• SOURCE MATERIAL
-------
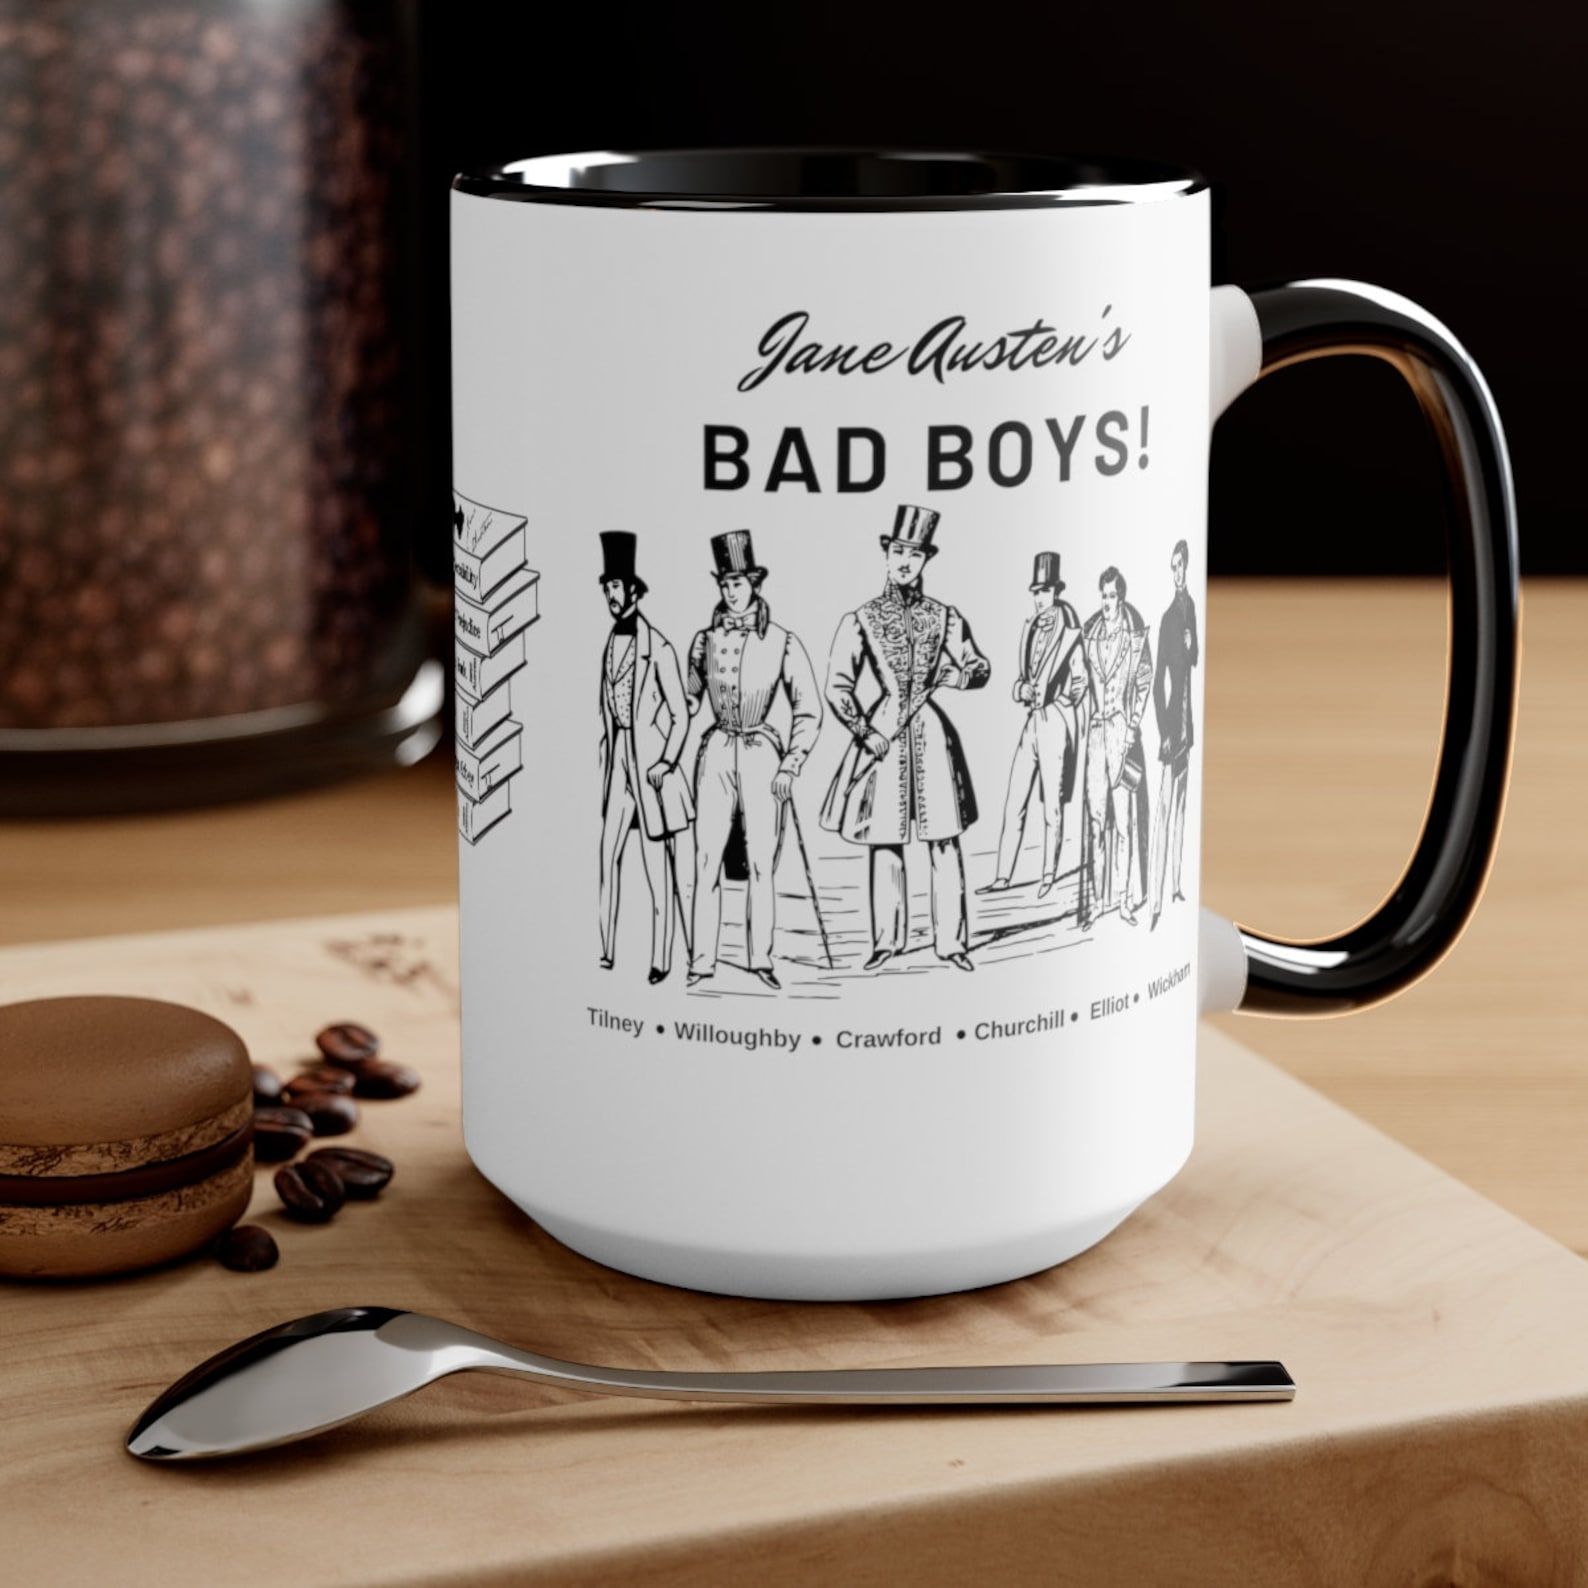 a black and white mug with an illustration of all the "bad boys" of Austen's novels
-------
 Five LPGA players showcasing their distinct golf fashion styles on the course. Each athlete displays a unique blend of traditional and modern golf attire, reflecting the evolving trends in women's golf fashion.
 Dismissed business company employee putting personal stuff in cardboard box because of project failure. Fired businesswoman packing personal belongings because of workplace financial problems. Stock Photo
-------
• TASK OBJECTIVE
Your answer should be the lines above, from the line containing "Five LPGA players" up to and including the line containing "Dismissed business company", reproduced exactly and with nothing else.

• SOLUTION TO THIS TASK
 Five LPGA players showcasing their distinct golf fashion styles on the course. Each athlete displays a unique blend of traditional and modern golf attire, reflecting the evolving trends in women's golf fashion.
 Dismissed business company employee putting personal stuff in cardboard box because of project failure. Fired businesswoman packing personal belongings because of workplace financial problems. Stock Photo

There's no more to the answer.